Influence is a multifaceted and often nebulous concept; energy is visible, tangible, and hence often acts as a proxy for influence—because it in fact confers influence or because we assume it does. It was China’s search for resources that first prompted its overseas strategy, commonly known as the “Go Out Policy,” at the turn of the century. Even today, despite a broader set of commercial and strategic interests, energy is a major component of Chinese investment and trade around the world. For Russia, energy is one of two strategic commodities, along with arms, that enable it to court other countries; and it is energy that is providing a foundation for its expansion into the Arctic. Recent years also have seen a significant expansion of Russian state-owned investment in energy projects overseas, particularly through Rosneft. Even for the United States, energy has become part of bilateral relations with allies (The North Atlantic Treaty Organization or NATO, South Korea) and adversaries (Russia, China).

Domination is a similarly nebulous concept, but one paramount foreign policy objective for the United States has been to prevent any country or group of countries from dominating an energy market, a fuel, or a region; or to prevent political concessions from whatever market power exists. It was this impulse that led President Jimmy Carter to threaten military force against any adversary looking to dominate the Persian Gulf. It was a similar urge that prompted President Ronald Reagan to impose sanctions on European companies looking to advance Russian gas projects in the early 1980s, or subsequent administrations to support pipeline projects to diversify European gas supplies. Or to promote civilian nuclear power while tightly controlling proliferation since President Eisenhower’s “Atoms for Peace” speech. Today’s energy landscape has changed: the United States is no longer thinking merely in denial terms; it is examining whether it can dominate energy markets.

The foreign and energy policy communities have made broad assumptions and assertions about but have not adequately investigated (1) the role energy plays in the contemporary competition for influence among the United States, China, and Russia in specific regions of the world; (2) whether any one country or groups of countries might be able to exert preponderant influence over a specific type of energy or fuel; and (3) the implications for U.S. foreign policy objectives and global energy security.

Geopolitical Influence

Energy factors into several examples of the contemporary struggle over geopolitical spheres of influence. One very timely example is Venezuela. Over the past 15 years of Venezuela’s political, economic, and social decline, China and Russia have come to own much of its oil resources and debt. Once one of the world’s largest oil producers and ally of the United States, Venezuela is widely considered a criminal state and is the source of the biggest migration crisis in the history of the hemisphere. Although the world oil market has adjusted to the decline of Venezuelan production, a further collapse could directly affect U.S. energy security by interrupting flows of oil from Venezuela to the United States. And yet the Trump administration feels confident enough in U.S. and global supplies of oil to effectively sanction trade in Venezuelan oil to bring about regime change from Nicolás Maduro to the interim president Juan Guaidó. The U.S. government has identified the instability in Venezuela and the presence of foreign powers as threats to U.S. national security, harkening back to the principles of the Monroe Doctrine. Given that energy is the reason for foreign presence in Venezuela, many foreign policy analysts have suggested that energy will be a key to its future. This means the United States will need to forge some sort of resolution with China and Russia over the leadership in Venezuela and over ownership over its oil resources.

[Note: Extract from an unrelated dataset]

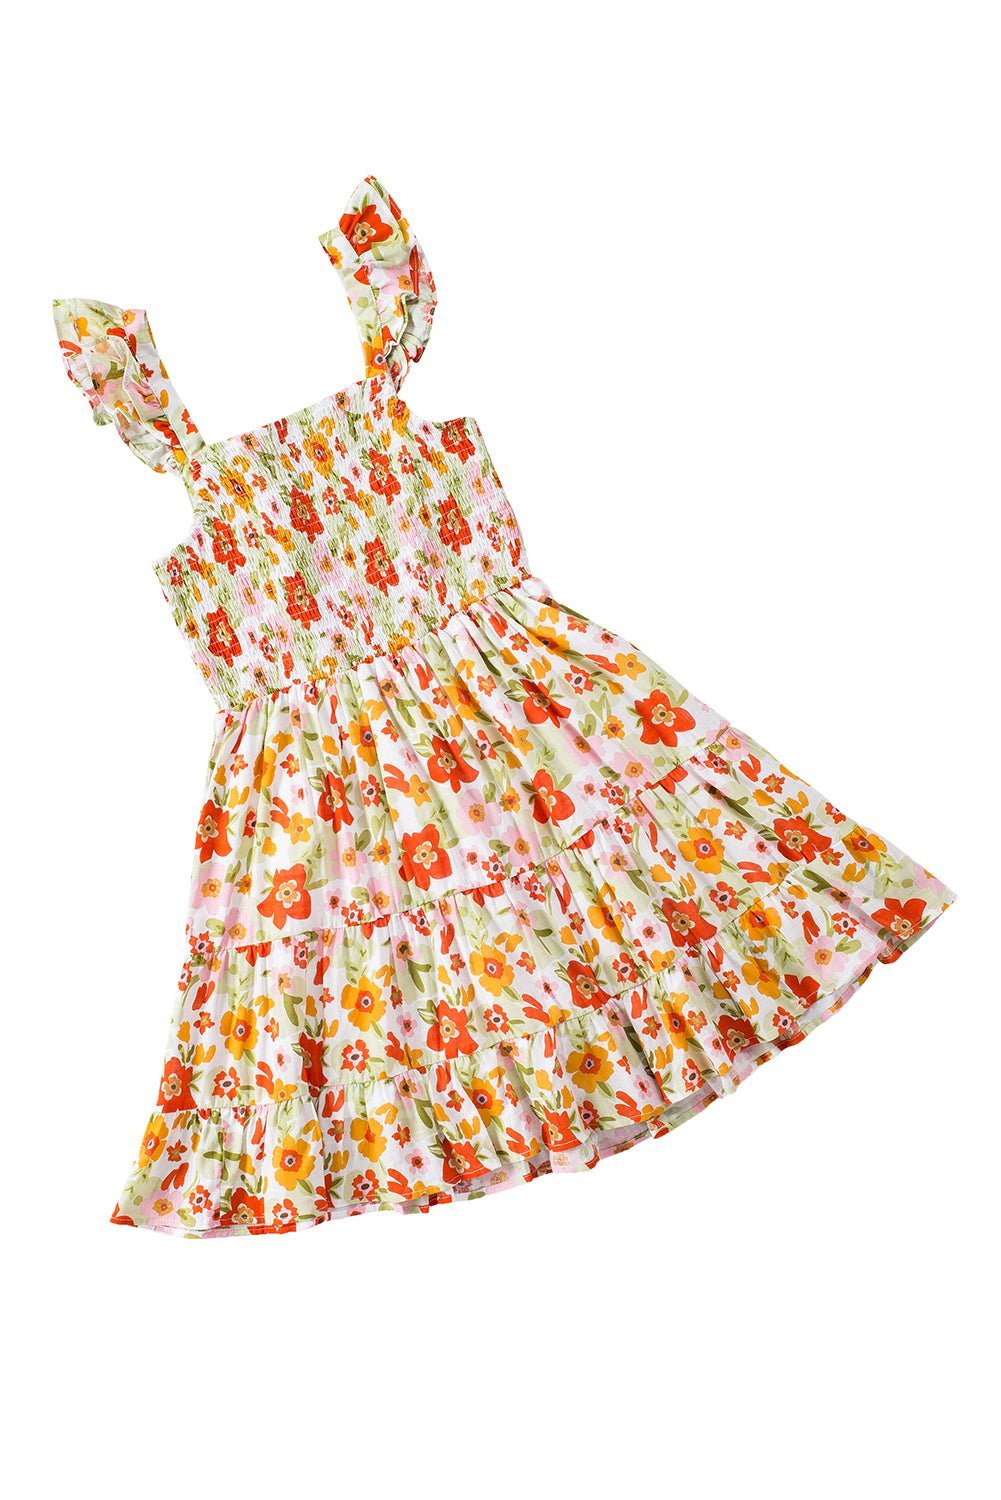 Fashionsarah.com Ruffled Sleeveless High Rise Floral Mini Dress

Another often cited example of geostrategic competition is that for an influential role in the Indo-Pacific. With varying degrees of success, China has sought to expand its sphere of economic and soft power influence through the Belt and Road Initiative (BRI). After the collapse of the Trans-Pacific Partnership (at least the version that included the United States) the United States and its regional allies now seek to counter with the Free and Open Indo-Pacific Strategy. Energy plays a role in these agendas, such as the financing and construction of coal-fired power generation units by China and the efforts by the United States and Japan to create natural gas import facilities throughout the region. Implementation varies greatly on both strategic initiatives, as does the line between commercial versus strategic objectives. Whether building energy infrastructure or trade links translate into geopolitical connections remains to be seen. However, an economic (versus military) counterweight to China’s ambitions in the region is of increasing strategic importance to the United States.

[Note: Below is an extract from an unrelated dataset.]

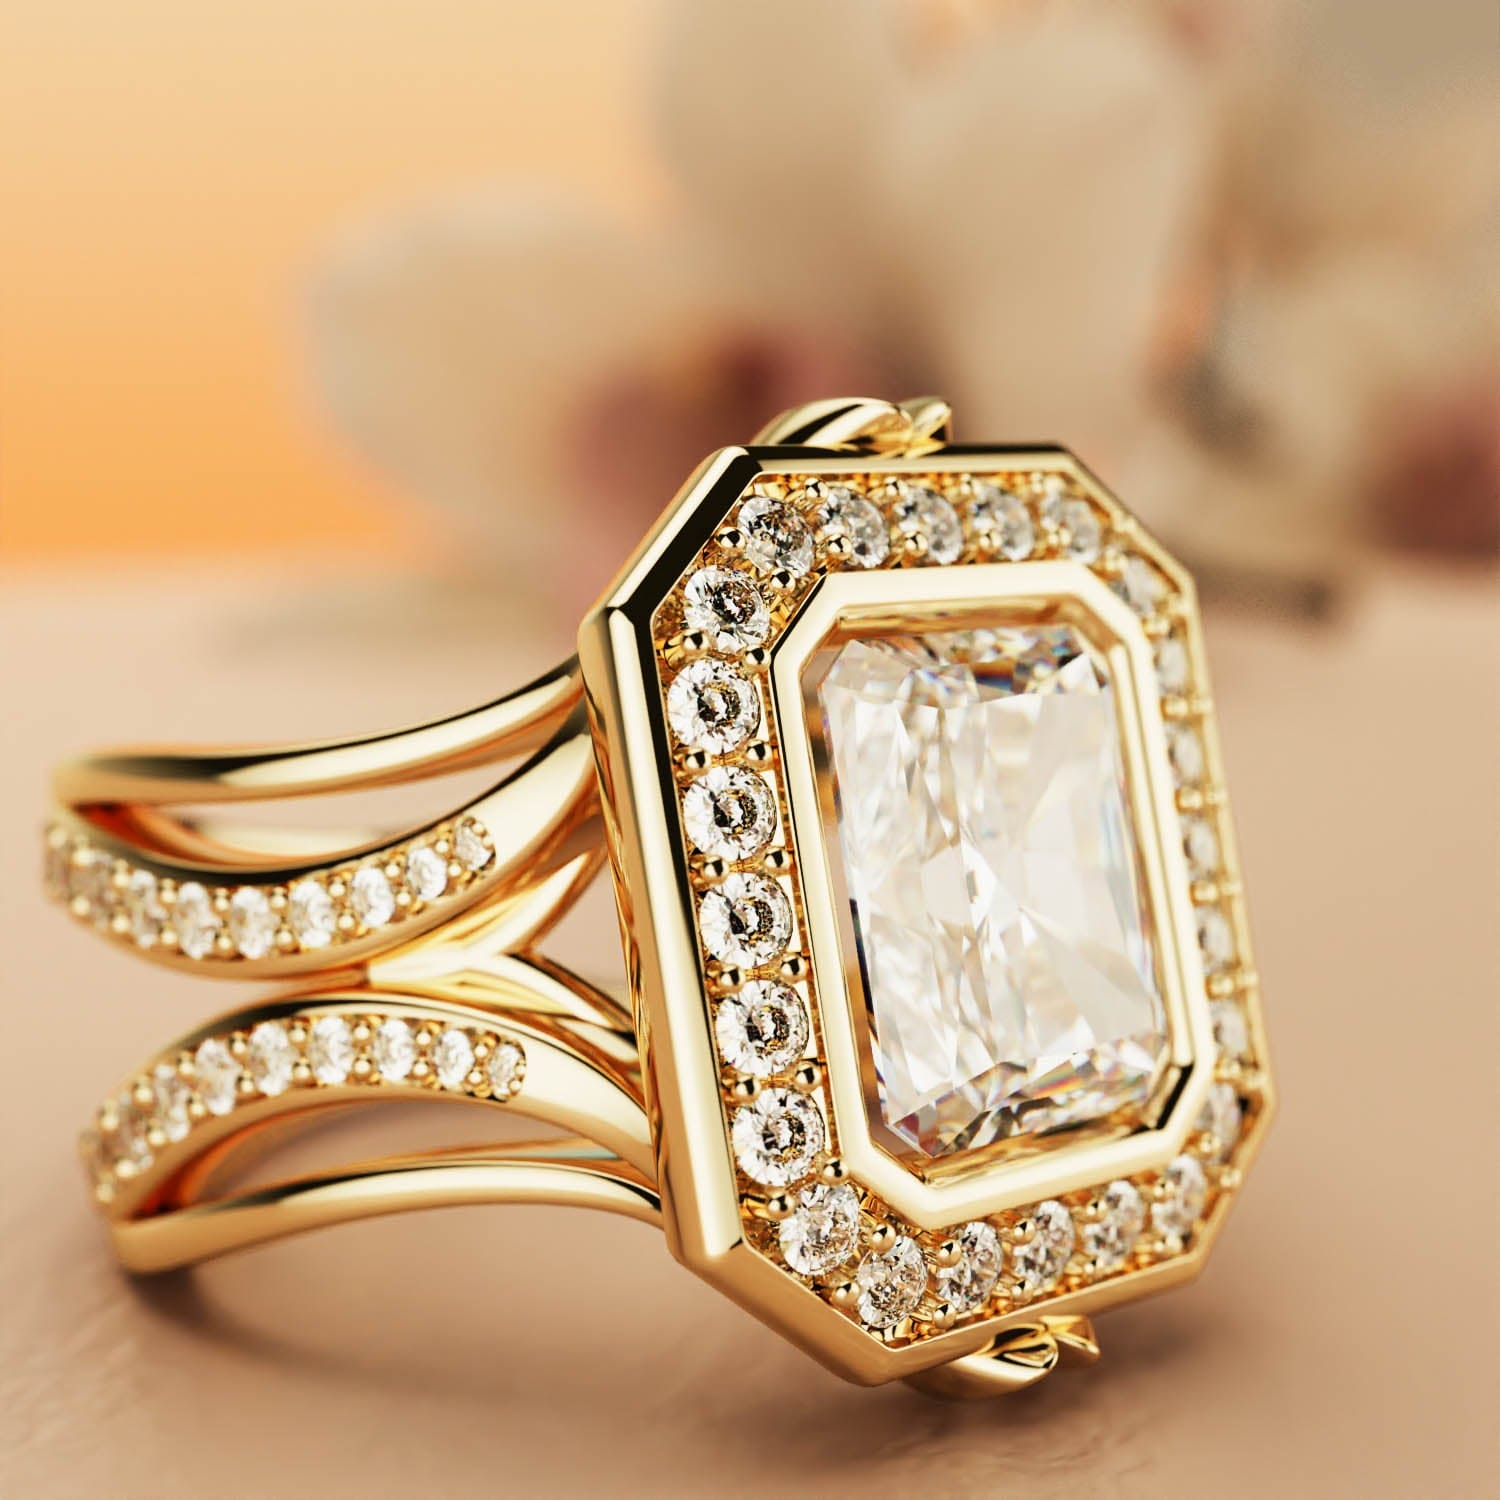 Elysian Glow: Emerald-Cut Diamond Ring - 18K Gold Vermeil

Relationships throughout the Middle East are shifting as well, with Middle Eastern countries increasingly looking to Asia to secure future markets for their oil. Russia has taken a revanchist stance on the global stage and, through its partnership with OPEC and energy investments in the Middle East, appears to be forging closer, though not uncomplicated, ties with more countries in the region. Energy trade has not been affected by the several country economic embargo against Qatar but trade flows throughout the region have been affected by the renewed U.S. sanctions on Iranian oil exports. The U.S. presence in the region is long and complicated but it seems that alliances in the region are diversifying and energy is playing a big role in communicating and solidifying those shifts.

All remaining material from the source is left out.